Good luck with the lambing and let us know how Esther and her lamb(s) fare.


----------



## BSue (Sep 5, 2019)

@mysunwolf 
Thank you for your response. I have noticed that Esther is more anxious for feed and since she is in the last few weeks of pregnancy I have up'ed her intake but just by a little. A little more grain a little more alfalfa and a little more carrots (one of her favorites). We have been in the non-rainy season for the last three months, lots of sunny days here but yesterday it finally rained. 

@Sheepshape 
I think we wormed Esther once when she was still young like 5 months old, when they both had some diarrhea. That is good information to know, thank you.


----------



## Sheepshape (Sep 5, 2019)

I'd let Esther have more food. Metabolic requirements of late pregnancy mean that ewes can need at least twice their non-pregnant intake.


----------



## BSue (Oct 2, 2019)

Yesterday was day 147 and around 8pm this happened!


----------



## Sheepshape (Oct 2, 2019)

Lovely!
Make sure mama has plenty of food.
Congratulations to you all.


----------



## Mini Horses (Oct 2, 2019)

Awwwh...so cute!  Is he spotted?


----------



## BSue (Oct 2, 2019)

Sheepshape said:


> Lovely!
> Make sure mama has plenty of food.
> Congratulations to you all.


Yeah, she didn't eat much for two days and she is definitely making up for it now.


----------



## BSue (Oct 2, 2019)

Mini Horses said:


> Awwwh...so cute!  Is he spotted?


No, all white like mom and dad.

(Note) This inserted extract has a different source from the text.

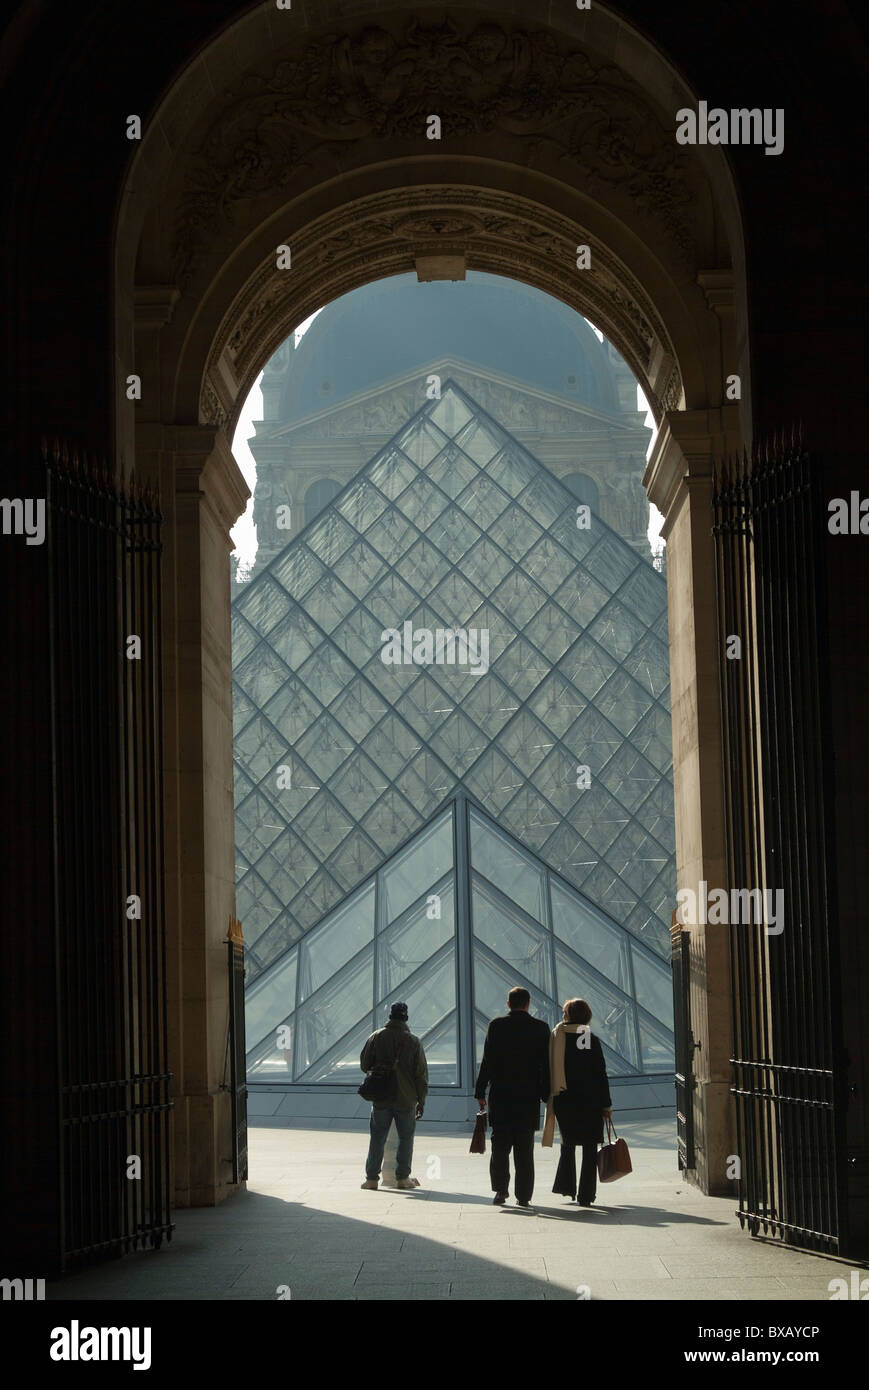 La Piramide del Louvre, visto da un grande arco, Paris, Francia. Foto Stock

Picture was taken at night so looks like shadow spots. Here's one from today.


----------



## Beekissed (Oct 2, 2019)

from WV!   Excellent post...good questions, receptive to advice, and pics...and then pics to show the outcome!  LOVE it.  

I'm so glad another shepherd has arrived to join the flock!    Congrats on the lamb, BTW.


----------



## Baymule (Oct 2, 2019)

Awww..... so cute! I love lambs, they just grow up too fast! You did good, you have given Mom the best of care, now you have a sweet lamb to enjoy.


----------



## BSue (Oct 29, 2019)

__ https://www.facebook.com/video.php?v=933325340401230
			




I wish I could upload a video here so you can see how cute she is. Maybe if I link the video you can watch it that way. You can never see too many videos of bleating lambs. 

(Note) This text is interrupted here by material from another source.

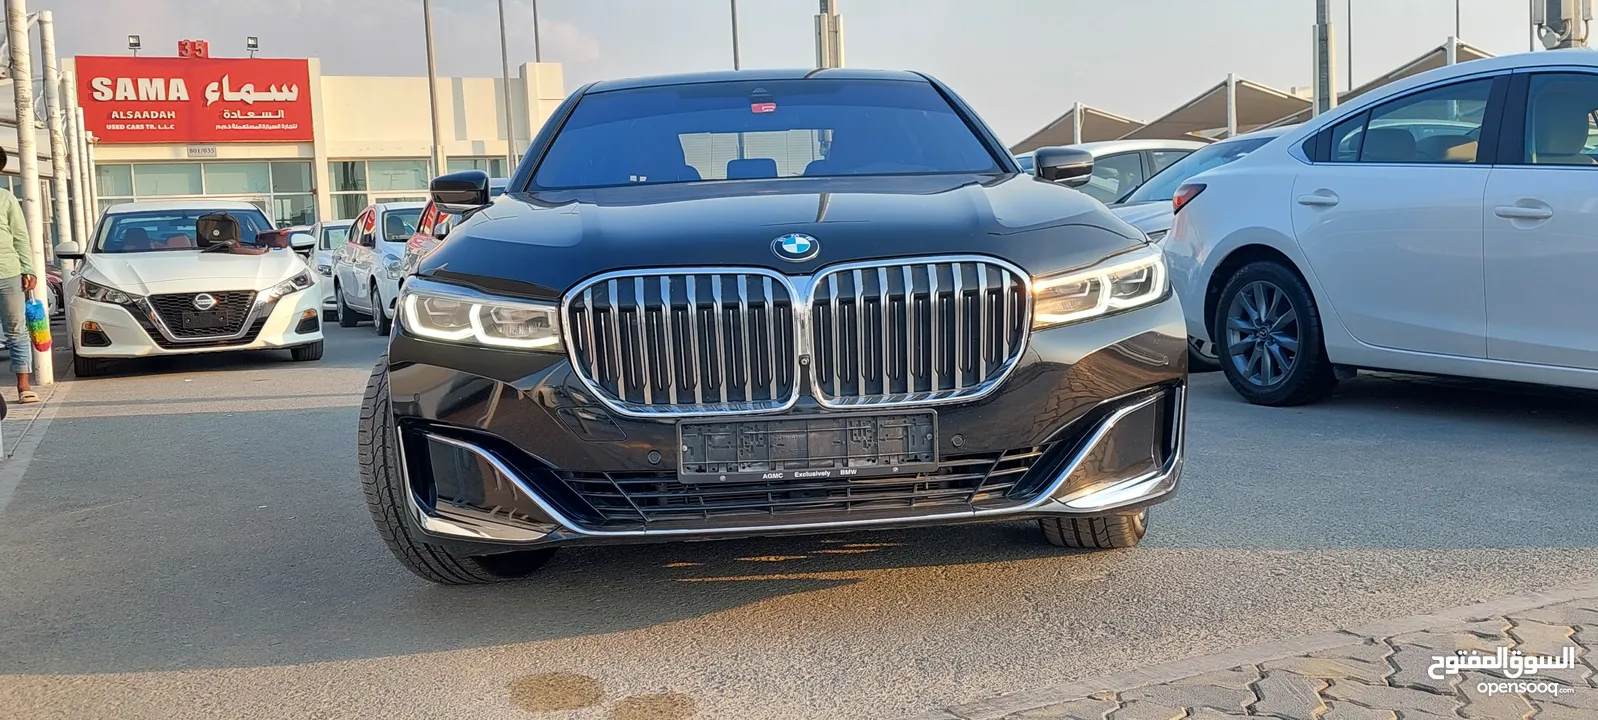 بي ام دبليو BMW 730LI 2020 خليجي

__ https://www.facebook.com/video.php?v=933325340401230


----------



## BSue (Nov 6, 2019)

So I am trying to think ahead a little bit and doing a lot of reading. I didn't want to make a new thread about weaning and breeding since I'm dealing with the same sheep family. Any advice would be greatly appreciated.

I see that the general consensus for weaning is 60 days or a lamb that is 45 lbs. Then the lamb and ewe need to be separated to allow the ewe's udder to dry up. What I would like to know is the following, does the udder have to be completely dry for the ewe to breed? Can the ewe be placed with the ram Day 1 of weaning from the lamb?


----------



## Baymule (Nov 6, 2019)

Ok, if you have ram lambs, they should be weaned at 2 months old. They can start breeding at a very young age. If they are castrated, you don't have that worry. 

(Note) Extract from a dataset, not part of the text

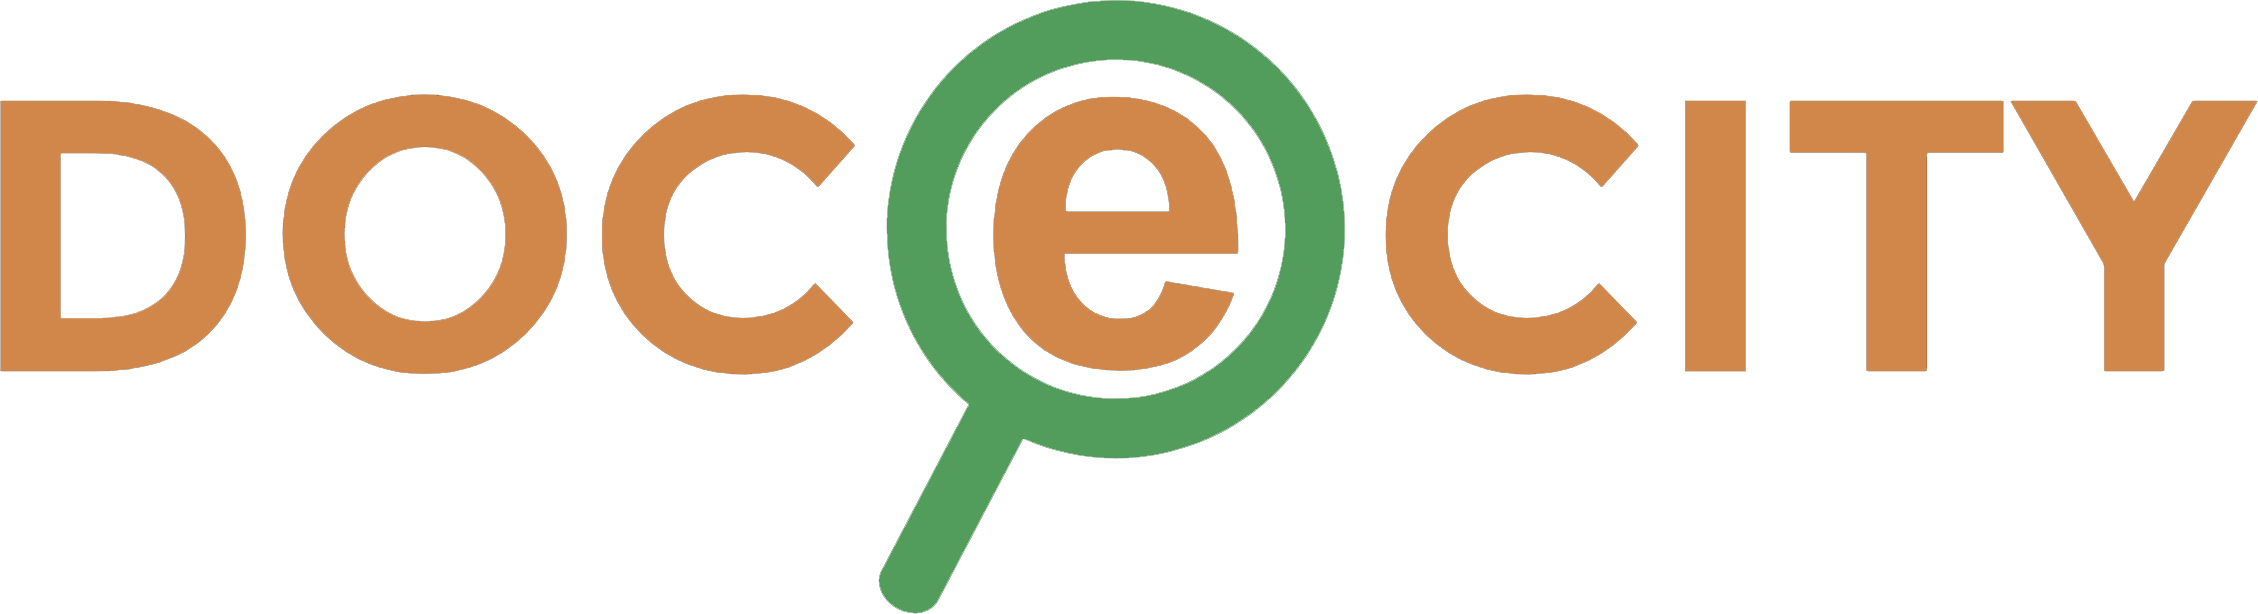 docecity logo

As far as breeding back, that sounds a little quick. The ewe needs time to recover from birthing and raising lambs. She should have time to get back in good condition. Many people wean at 3-4 months old. Some people only breed once a year, some breeds are seasonal and will only breed once a year. Hair breeds will breed any time of year. 

Let the ewe dry up and get back in condition before breeding again. That will depend on if she gets run down from raising lambs or is still in good condition after weaning. I have a ewe that puts everything in her udder. I give her extra feed or she would get thin.


----------



## Sheepshape (Nov 7, 2019)

I only wean off the ram lambs (to stop them mating with the females). Ewe lambs I leave with their mothers.....the lambs wean naturally by about 6 months, many before. 
I have wool sheep which are seasonal breeders and come into season in August/September usually. I breed them once a year.
A ewe can come into season and be impregnated when she is still lactating.
I don't take my ewe lambs off their mums as a) the lambs grow quicker with continued access to milk and b) my ewes tend to get a bit too fat, so prolonged lactation helps to keep their weight down. My situation is different to many who find their ewes have lost a lot of condition through lactation. 
Last year only one of my mature ewes failed to conceive (of 50 something) and she was a grade 5 body type. She's even rounder this year and has a serious roll of fat at the base of her tail, so it may the she'll fail to get pregnant again.
When lactation has finished it is important to feel the udder to ensure that there are no lumps or bumps which could be indicative of mastitis. These ewes are unlikely to have proper milk production in subsequent years.
I don't have any definite explanation as to why my ewes run fat. (except for the fact they get lots of treats, are contented and lazy!).We are at 1.000ft, the topsoil is thin and fields sloping, and we don't use much fertiliser. I do live in Wales, though.....known in Britain to be 'sheep country' and to have a high rainfall.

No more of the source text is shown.